Return the offset of a specific printer message.

Parameters:
  • msg – Printer message. Can’t be NULL.

Returns:

Offset of msg in the concatenated messages buffer.

size_t bf_printer_msg_len(const struct bf_printer_msg *msg)

Return the length of a specific printer message.

Parameters:
  • msg – Printer message. Can’t be NULL.

Returns:

Length of msg, including the trailing nul termination character.

const struct bf_printer_msg *bf_printer_add_msg(struct bf_printer *printer, const char *str)

Add a new message to the printer.

Parameters:
  • printer – Printer context. Can’t be NULL.
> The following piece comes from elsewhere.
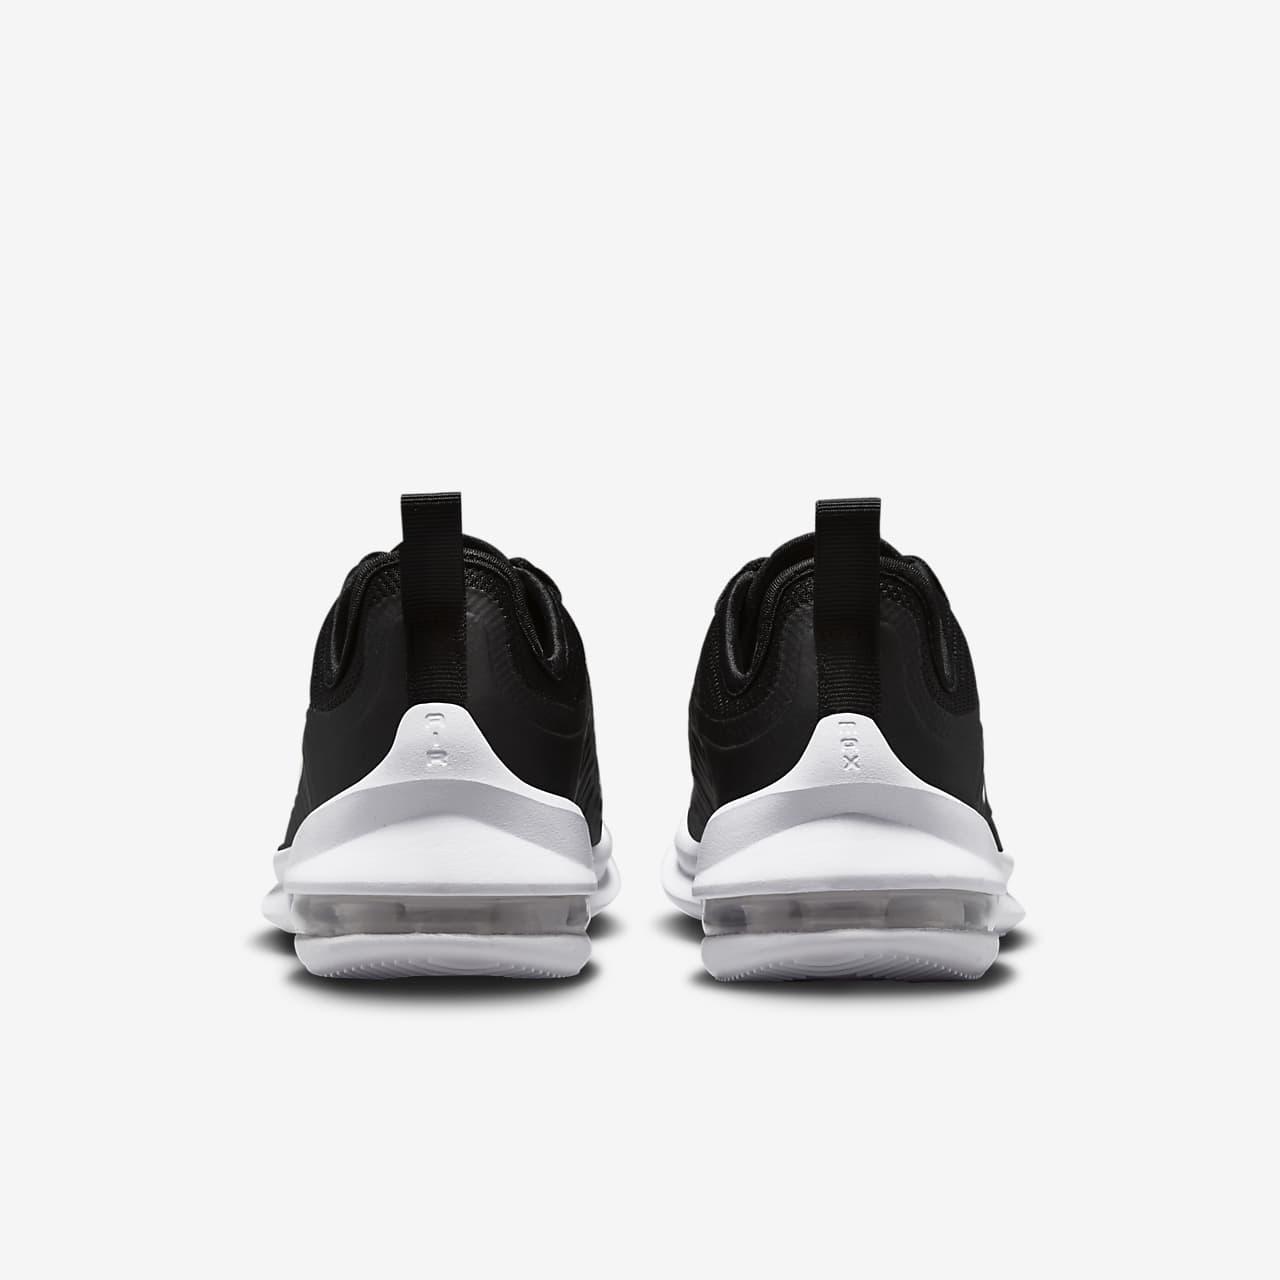 premium selection ca95b 26bea ... Scarpa Nike Air Max Axis - Ragazzi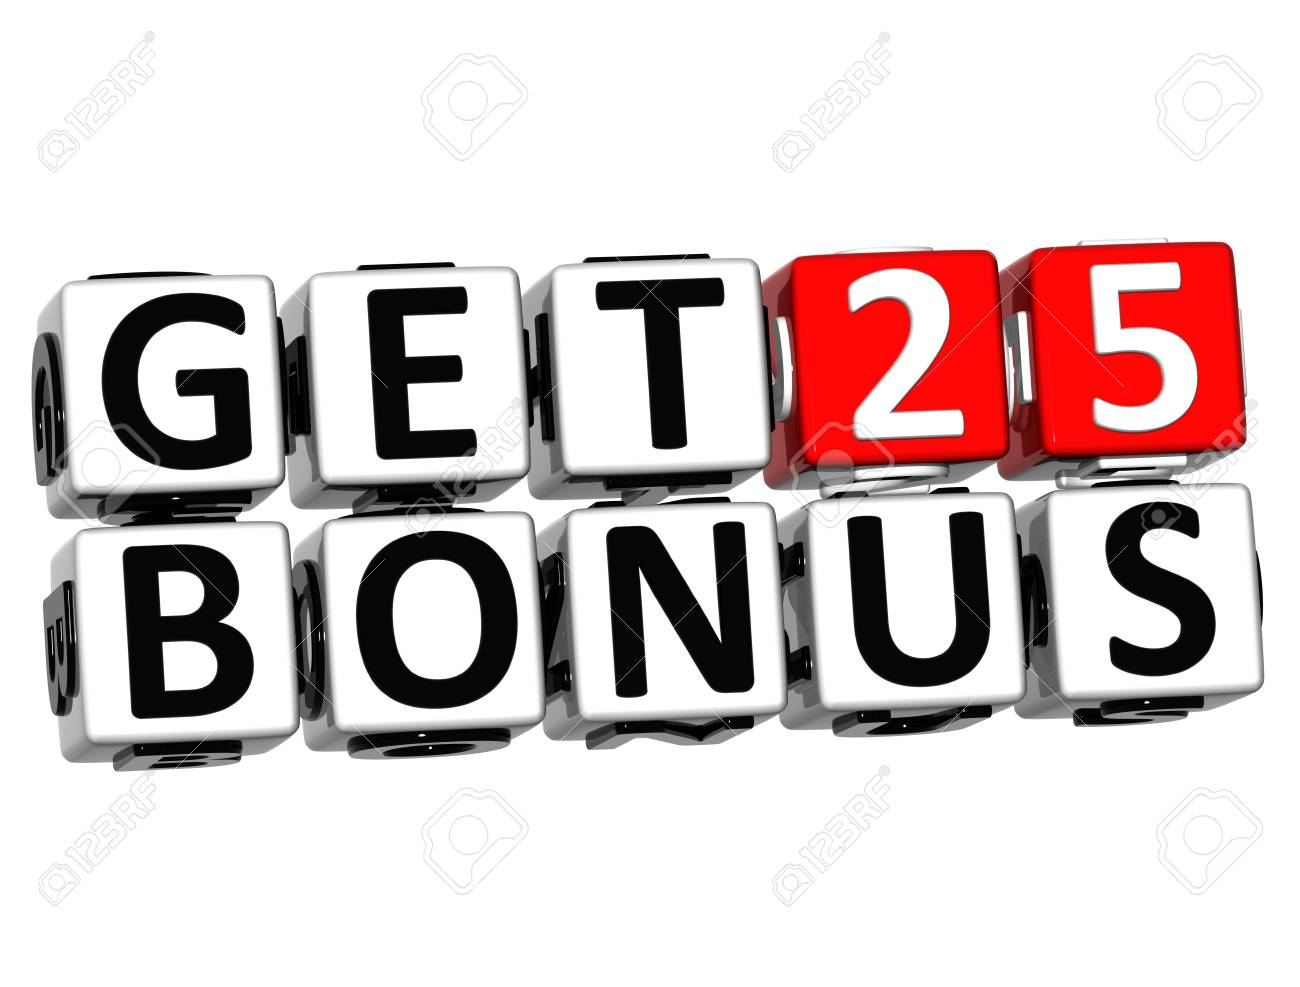 3D Get 25 Bonus Credits Block Letters over white background

  • str – Message to add to the context. A copy of the buffer is made.

Returns:

The printer message if it was successfuly added to the context, NULL otherwise.

int bf_printer_assemble(const struct bf_printer *printer, void **str, size_t *str_len)

Assemble the messages defined inside the printer into a single nul-separated string.

Parameters:
  • printer – Printer containing the messages to assemble. Can’t be NULL.

  • str – On success, contains the pointer to the result string. Can’t be NULL.

  • str_len – On success, contains the length of the result string, including the nul termination character. Can’t be NULL.

Returns:

0 on success, or negative errno value on failure.